Understanding Effective Sample Size

I was pleased seeing that both ESS and Gelman-Rubin diagnostics are available in Pyro. I have a question regarding the usage.

With reference to pyro/stats.py at master · pyro-ppl/pyro · GitHub, if I have a batch of Markov Chains (say `chains`) with dimension `L x B x D`, `B` is the number of batches, `L` is the length of each chain and `D` is the dimension of the support.

Is this the correct usage?

``````import pyro.ops.stats as stats

stats.effective_sample_size(chains, chain_dim=0, sample_dim=-1)
``````

Weirdly, I am getting negative values for certain trials and want to make sure I understand the semantics of this routine correctly.

cc @fehiepsi (since you’ve implemented those parts.)

Is `L` the number of chains? If so then you are correct.

Also note that @fehiepsi has recently added documentation to these diagnostics. Feel free to submit an issue or PR to clarify the docs

`L` is the length of the chains. `B` is the batch size (number of chains).

After your comment, I tried the following. `chains` (`50 x 1000 x 2`) is a tensor containing 50 independent chains each of length 1000 from a 2-D Gaussian.

Running the routine I get a result of 1000-D tensor. Is this the right output? If I understand ESS correctly, shouldn’t we have ESS for each dimension of each chain?

Additionally, I am getting negative values for ESS. Is that expected?

Glad to help once I get this conceptually clarified!

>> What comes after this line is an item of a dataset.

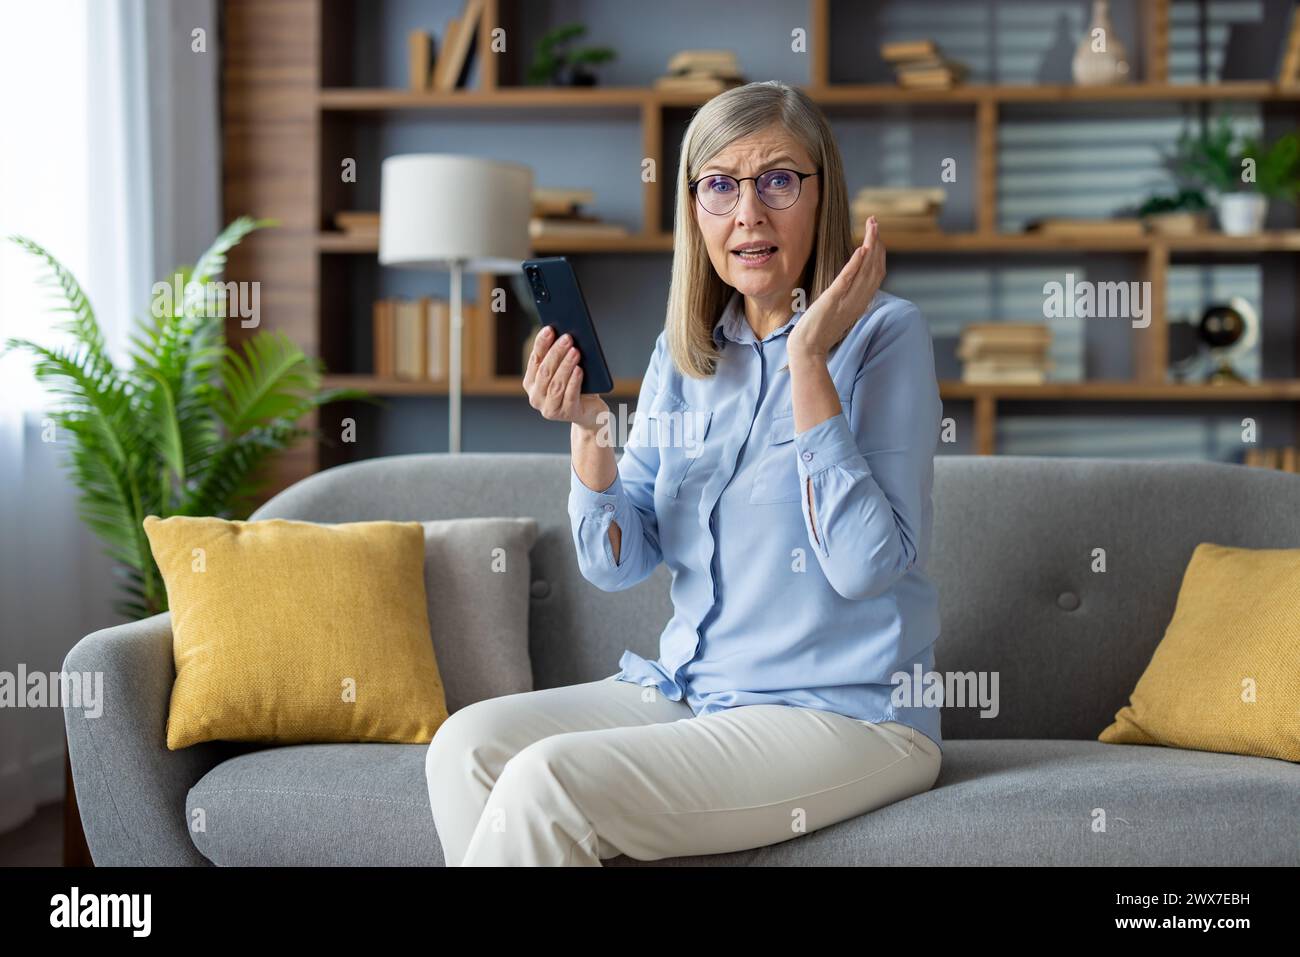 A mature adult woman sitting on a couch appears shocked and in disbelief while on a phone call in a cozy home setting. Stock Photo

`chain_dim` is the dimension for your chains.
`sample_dim` is the dimension for your samples.
If you have a tensor L x B x D where L, B, D are interpreted as: B chains, each chain contains L samples, each sample has shape D, then `chain_dim=1`, `sample_dim=0`. We enumerate `dim` from left to right, as in the usual PyTorch tensor.

I guess that your `batch_dim` is `chain_dim` and your `length_dim` is `sample_dim`? I have thought that by length of the chains, you mean the number of chains.

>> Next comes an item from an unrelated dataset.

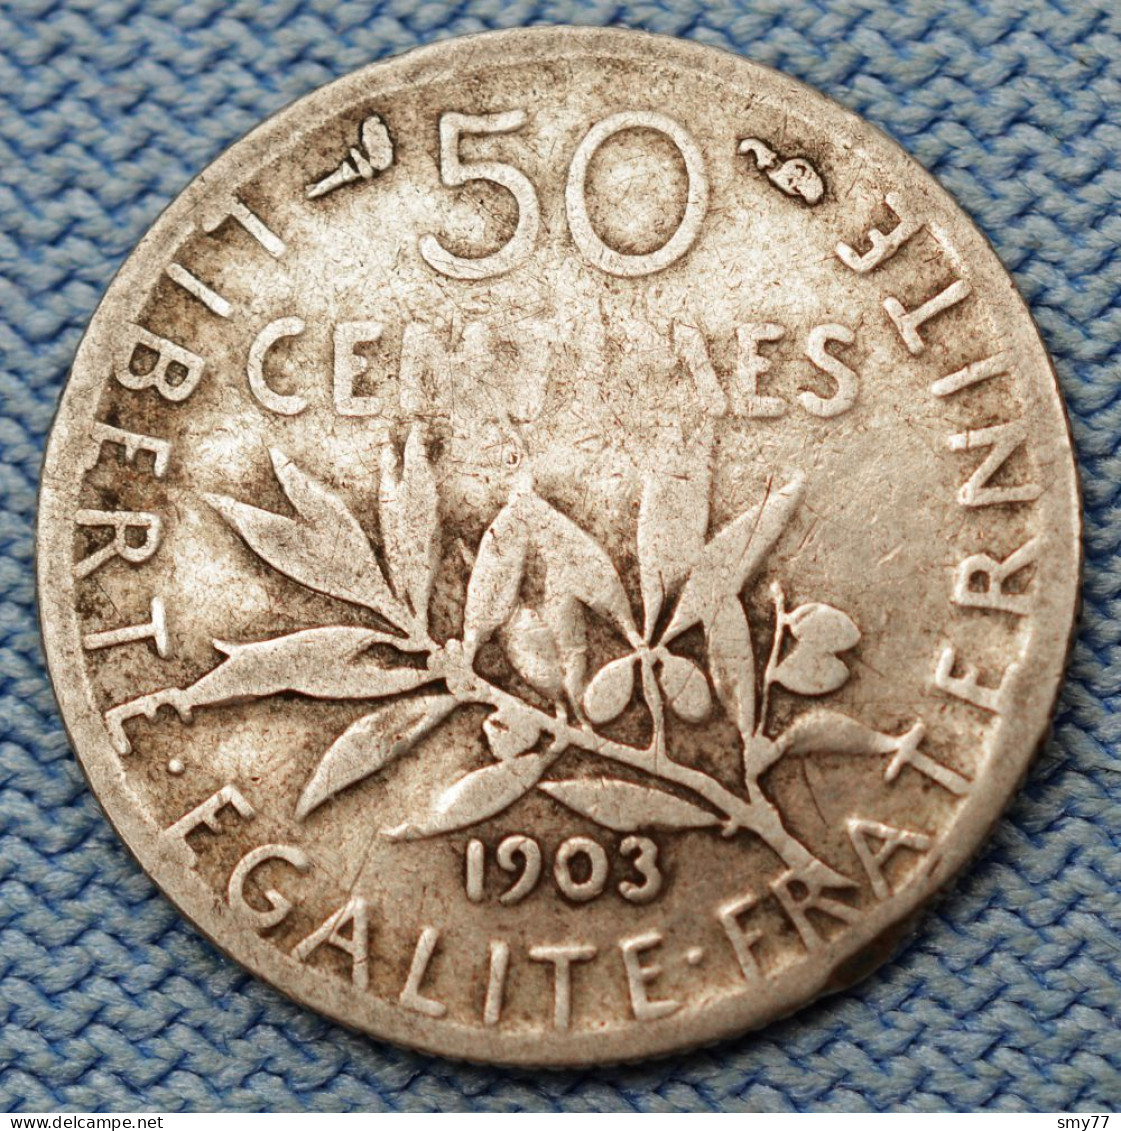 France • 50 Centimes 1903 • Semeuse • Cleaned • [24-501] - 50 Centimes

Ok, I think I understand this. I have questions more on the conceptual side now.

Using a `1000 x 50 x 2` sized tensor which represents 50 chains containing 1000 samples each,

``````# chain_x: 1000 x 50 x 2
stats.effective_sample_size(chain_x, chain_dim=1, sample_dim=0)
``````

I get the following result,

``````tensor([123393.8203, 126691.3281])
``````

I was expecting a 2-D tensor (representing ESS per dimension from the sample space) and this seems to fall in line with my understanding.

However, I don’t know how to interpret these numbers. I was thinking that there is no way ESS can be greater than 1000. Am I missing something here?

Also, if I report ESS in results, do I report the `min` among all dimensions?

Edit: I generated the chains using my own implementation of HMC and have visualized one of them below. It seems to be doing reasonable so I am hoping at least my samples are reasonable.

This thread answers for the question why ess > num samples: bayesian - Effective Sample Size greater than Actual Sample Size - Cross Validated
It will happen when your samples are negative correlated. You can test against arviz to confirm things are calculated correctly. About ‘min’ of ess, I don’t know if it is a right way to do.

Thanks for that!

Is there a reading you’d recommend for these diagnostics? I still feel there’s a gap in my knowledge and don’t feel too comfortable with these statistics.

I think that Stan Manual is a good reference (in addition to Google ).

1 Like

Thanks! They had nice summaries in there.